Pour les performances préenregistrées, Kwon a varié ses vêtements selon les humeurs des pièces et enregistré dans différents endroits.

Pour interpréter des pièces sombres et dramatiques, Kwon a visité les catacombes d’un cimetière de Brooklyn, New York. Pour des morceaux plus pleins d’espoir, elle a joué dans un champ de prairie lumineux avec des “grains d’ambre”.

“Nous sommes allés dans une salle de concert Oceanside où vous pouviez littéralement voir l’horizon jusqu’à l’océan Atlantique”, a déclaré Kwon. “‘Mer à mer brillante’ et ‘ciel spacieux’ – je voulais capturer tout cela.”

Kwon a fourni aux compositeurs une directive : ils essaient de faire en sorte que leurs pièces durent deux à trois minutes. Mais elle a permis une flexibilité au cas où ils seraient inspirés pour aller au fil du temps. Les morceaux vont de deux à 11 minutes.

Toutes les variations ne ressemblent pas à la mélodie de longue date sur laquelle elles sont basées. Certains sont déroutants et chaotiques. Mais Kwon dit que cela en dit long sur la gamme de pièces, et aussi à quel point certains compositeurs pensent que le pays est éloigné de l’idéal d’Amérique la Belle.

Il peut y avoir “certaines choses que vous ne comprenez peut-être pas, ou vous êtes confus à la première écoute”, dit Kwon. “Mais la musique demande aussi, tout comme nos relations humaines, ou nos contacts, ou nos communications… des efforts et un investissement de votre temps et de votre cœur.”

Kwon espère que ce projet aidera les Américains à réfléchir aux moments difficiles, ainsi qu’à trouver de l’énergie et de l’espoir.

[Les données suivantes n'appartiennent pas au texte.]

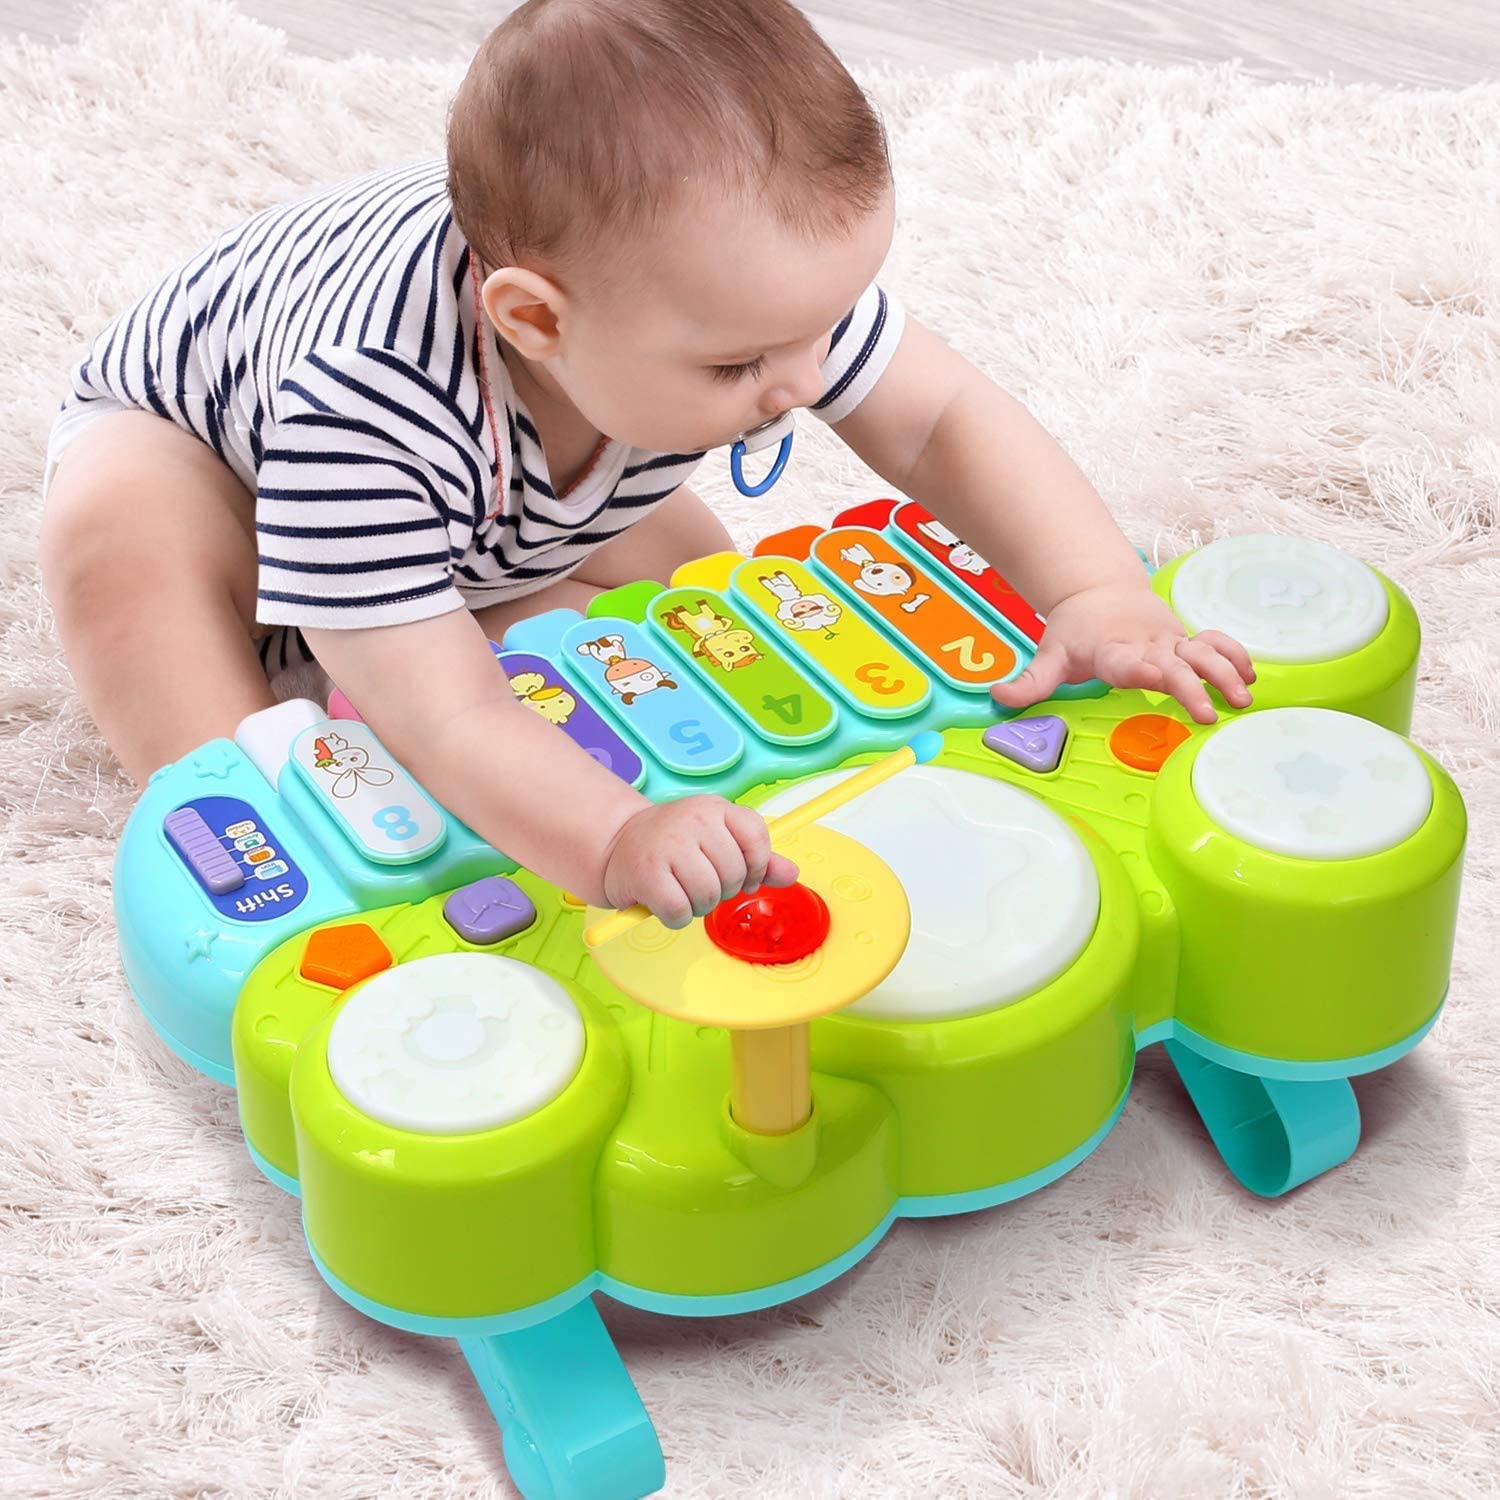 Ohuhu Electronic Xylophone & Drums Infant Boy Toy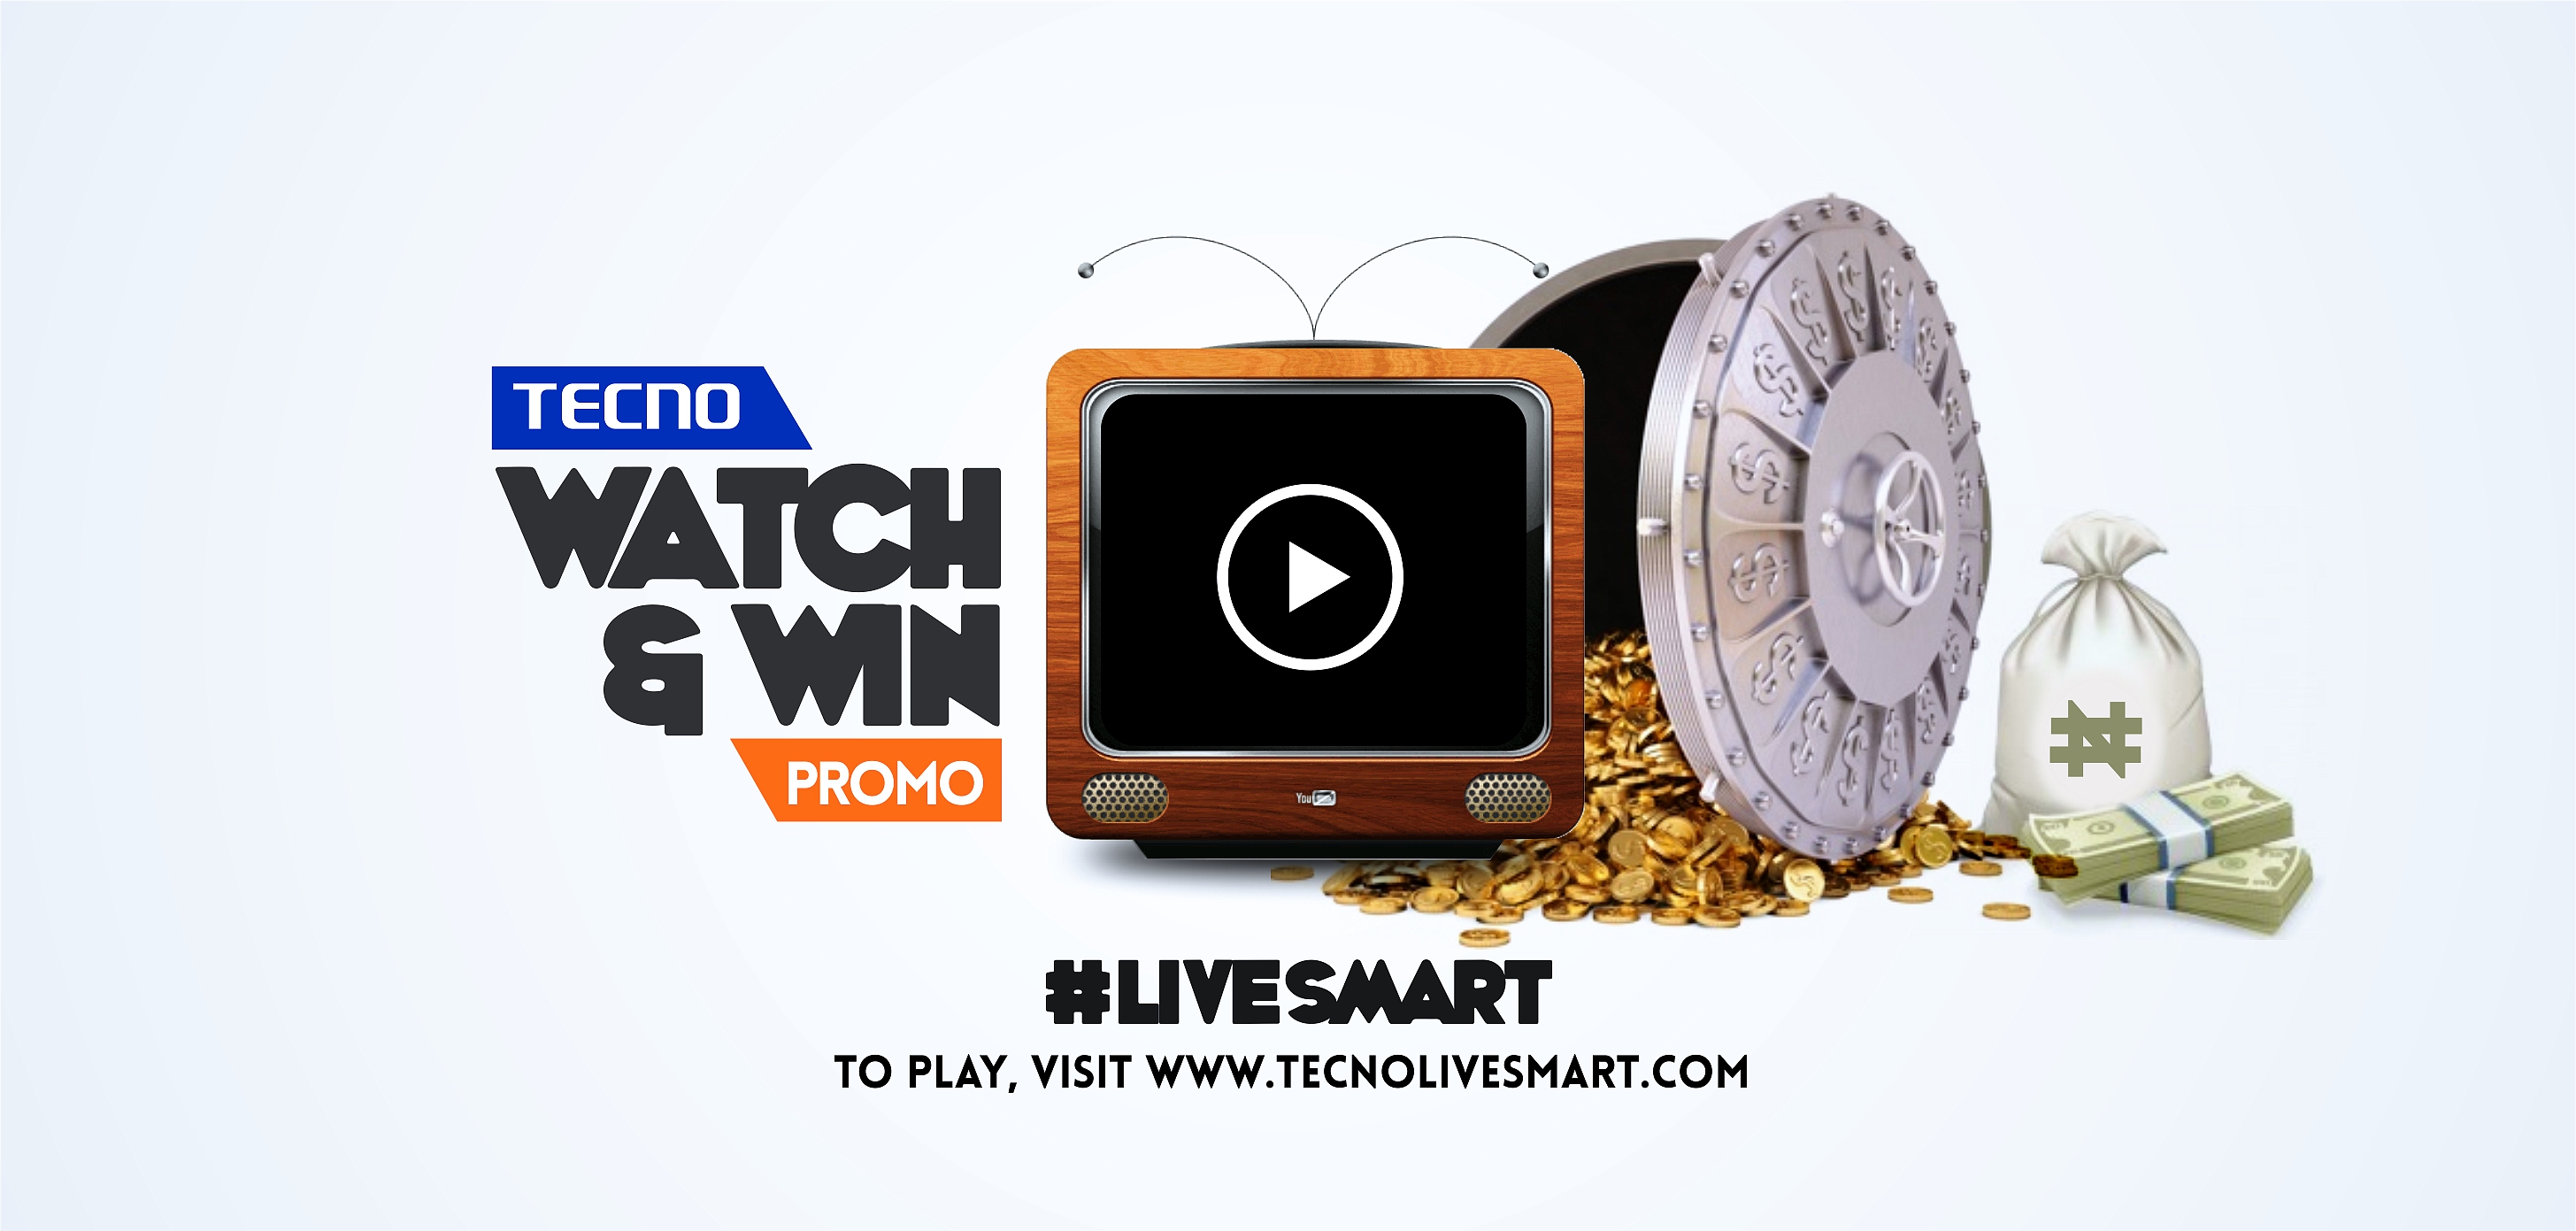 TECNO Rewards Nigerians with  TECNO Live Smart Watch and Win Promo

De 4 juillet à 7, des performances préenregistrées des variations seront diffusées en ligne à 15 h HE avec des entrevues avec les compositeurs. Les 8 et 9 juillet, Kwon interprétera des variations supplémentaires dans quatre spectacles en direct dans les catacombes du cimetière de Green-Wood à Brooklyn.

Elle souhaite également laisser quelque chose à ses deux jeunes filles, pour les aider à mieux comprendre la dernière année et demie de l’histoire américaine.

“Je voulais qu’ils puissent revenir sur cette époque, et pas seulement lire ce qui s’est passé à la Maison Blanche, ou ce qui s’est passé à Minneapolis, ou ce qui s’est passé dans les salles d’audience ou dans les lits d’hôpital”, a déclaré Kwon. “Je voulais qu’ils voient ça, cet incroyable recueil de la créativité américaine qui est si riche en diversité.”